Birthday paradox
Drag the room size and watch the probability climb. The curve crosses 50% earlier than almost anyone guesses, and tops 99% before you fill a single bus.
P(at least one shared birthday)
50.73%
With 23 people in the room. Expected matching pairs: 0.69.
You only need 23 people for a 50% chance, and 57 for 99%.
Same formula at common headcounts. The 50% crossover sits between 22 and 23.
| People (N) | P(shared) | Expected pairs |
|---|---|---|
| 5 | 2.71% | 0.03 |
| 10 | 11.69% | 0.12 |
| 15 | 25.29% | 0.29 |
| 20 | 41.14% | 0.52 |
| 23 | 50.73% | 0.69 |
| 30 | 70.63% | 1.19 |
| 40 | 89.12% | 2.14 |
| 50 | 97.04% | 3.36 |
| 70 | >99.9% | 6.62 |
| 100 | >99.9% | 13.56 |
The birthday paradox is not a paradox in the logical sense. It is counterintuitive because we instinctively count people rather than pairs. With 23 people you do not have 23 chances at a match. You have 253. That is C(23, 2) = 253 distinct pairs, and each pair has a 1 in 365 chance of sharing a date. The probability that none of those 253 pairs match drops below half almost exactly at N = 23.

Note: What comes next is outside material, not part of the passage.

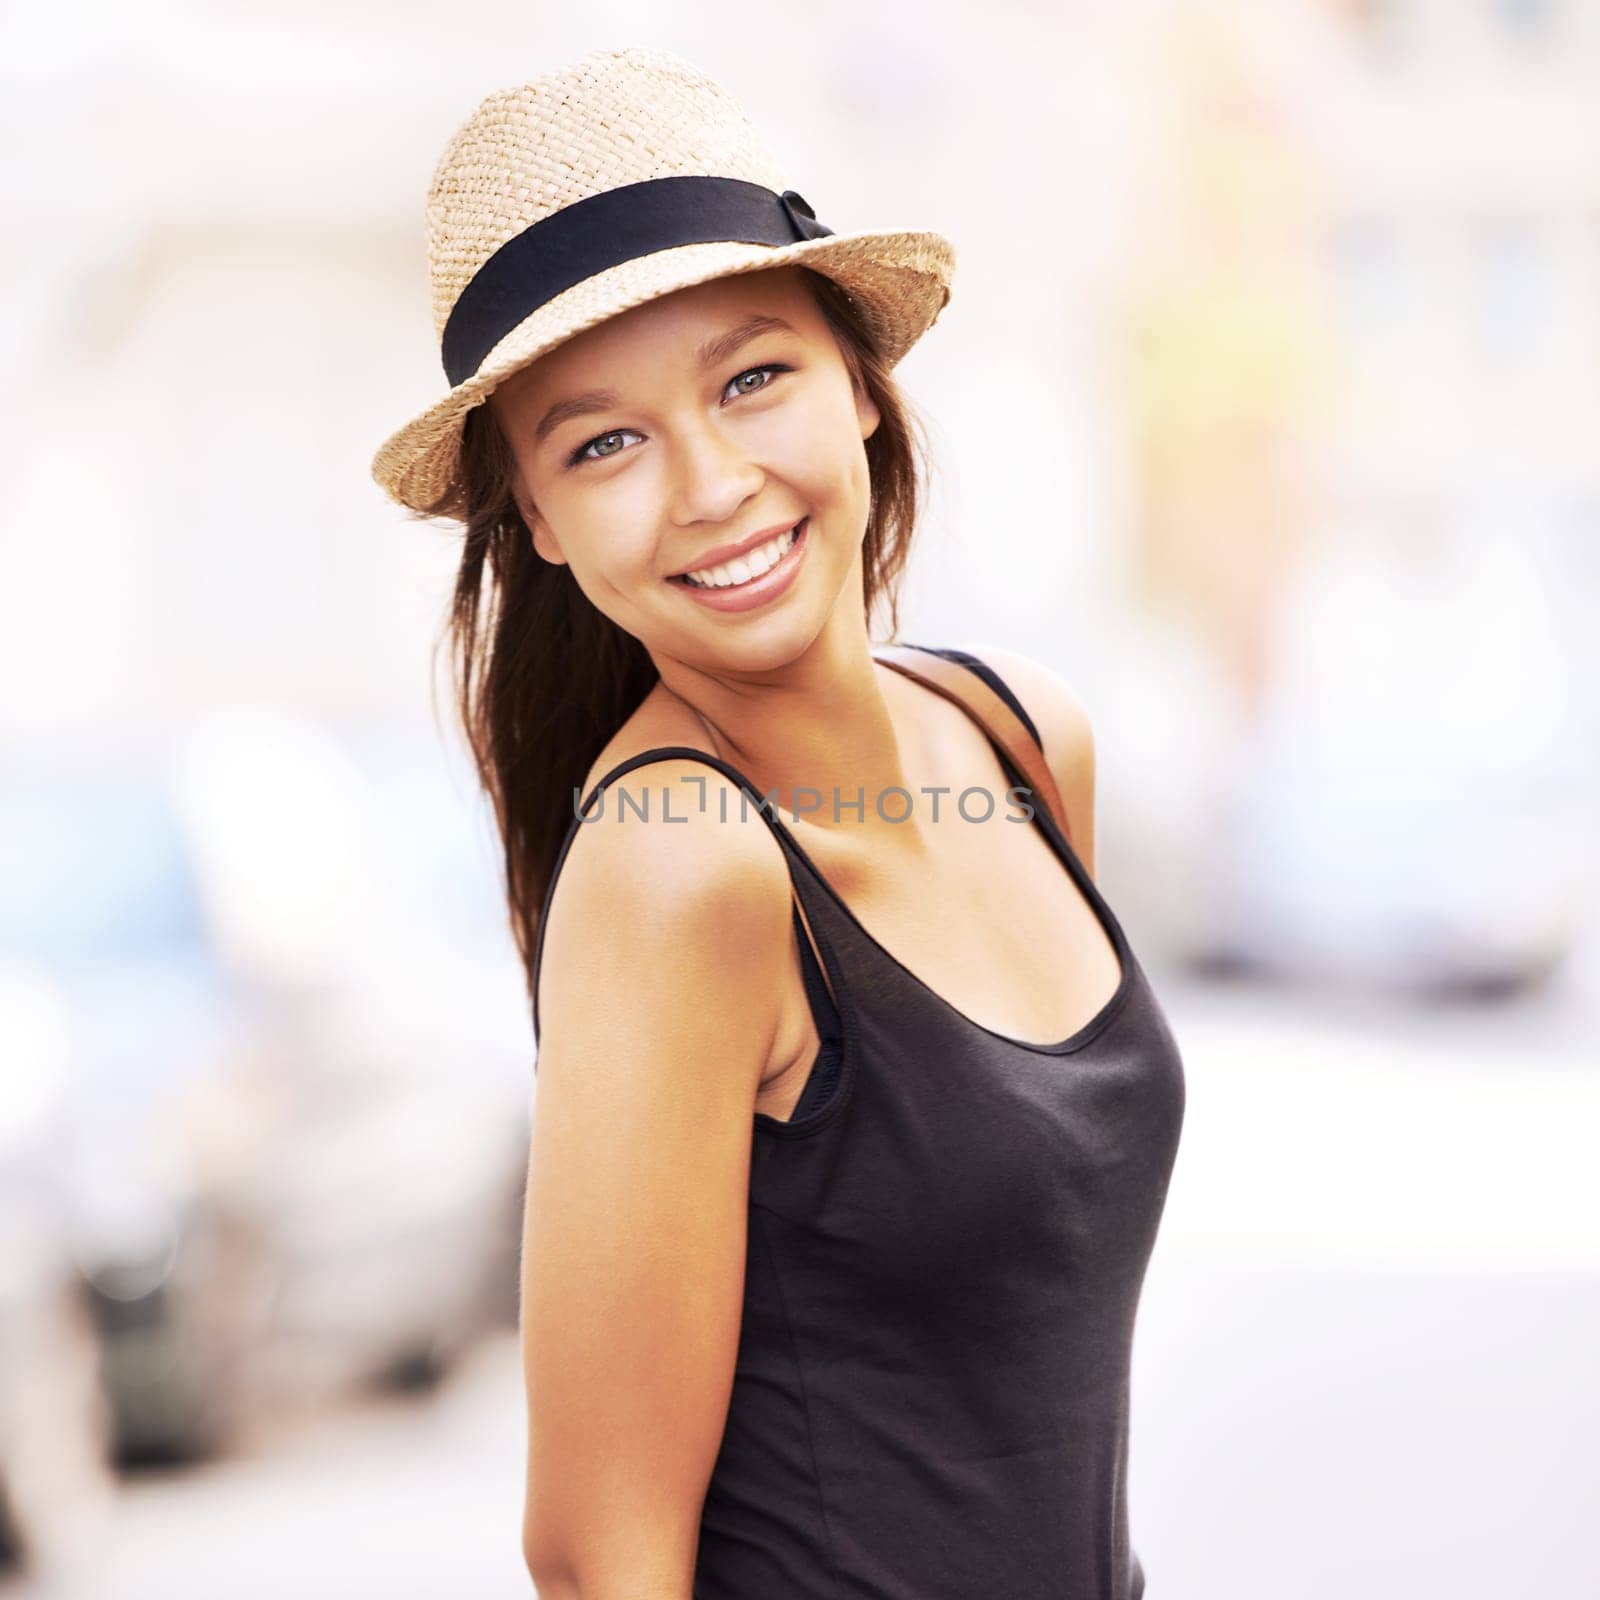 Woman, portrait and fashion or street travel style, summer look for weekend vacation. Female person, tourist and face hat for sunshine city road walking or outdoor adventure, relax or holiday clothes.

The clean way to compute it is to ask the opposite question: what is the chance that everyone has a different birthday? The first person picks any day (365/365). The second avoids it (364/365). The third avoids two days (363/365). Multiply the fractions together for N people and subtract from 1. The product shrinks fast because each extra person multiplies in a smaller fraction. By N = 50 the chance of a match is already 97%, and by N = 70 it is over 99.9%.
You can sanity check this against the real world. An NFL roster holds 53 active players, so any given team has roughly a 98% chance that two players share a birthday. NBA teams carry 15 players and land around 25%. A typical classroom of 30 students sits near 70%. Once you have a feel for the pair count C(n,2) growing as n squared, the surprise disappears. The math is honest about how much faster pairs grow than people.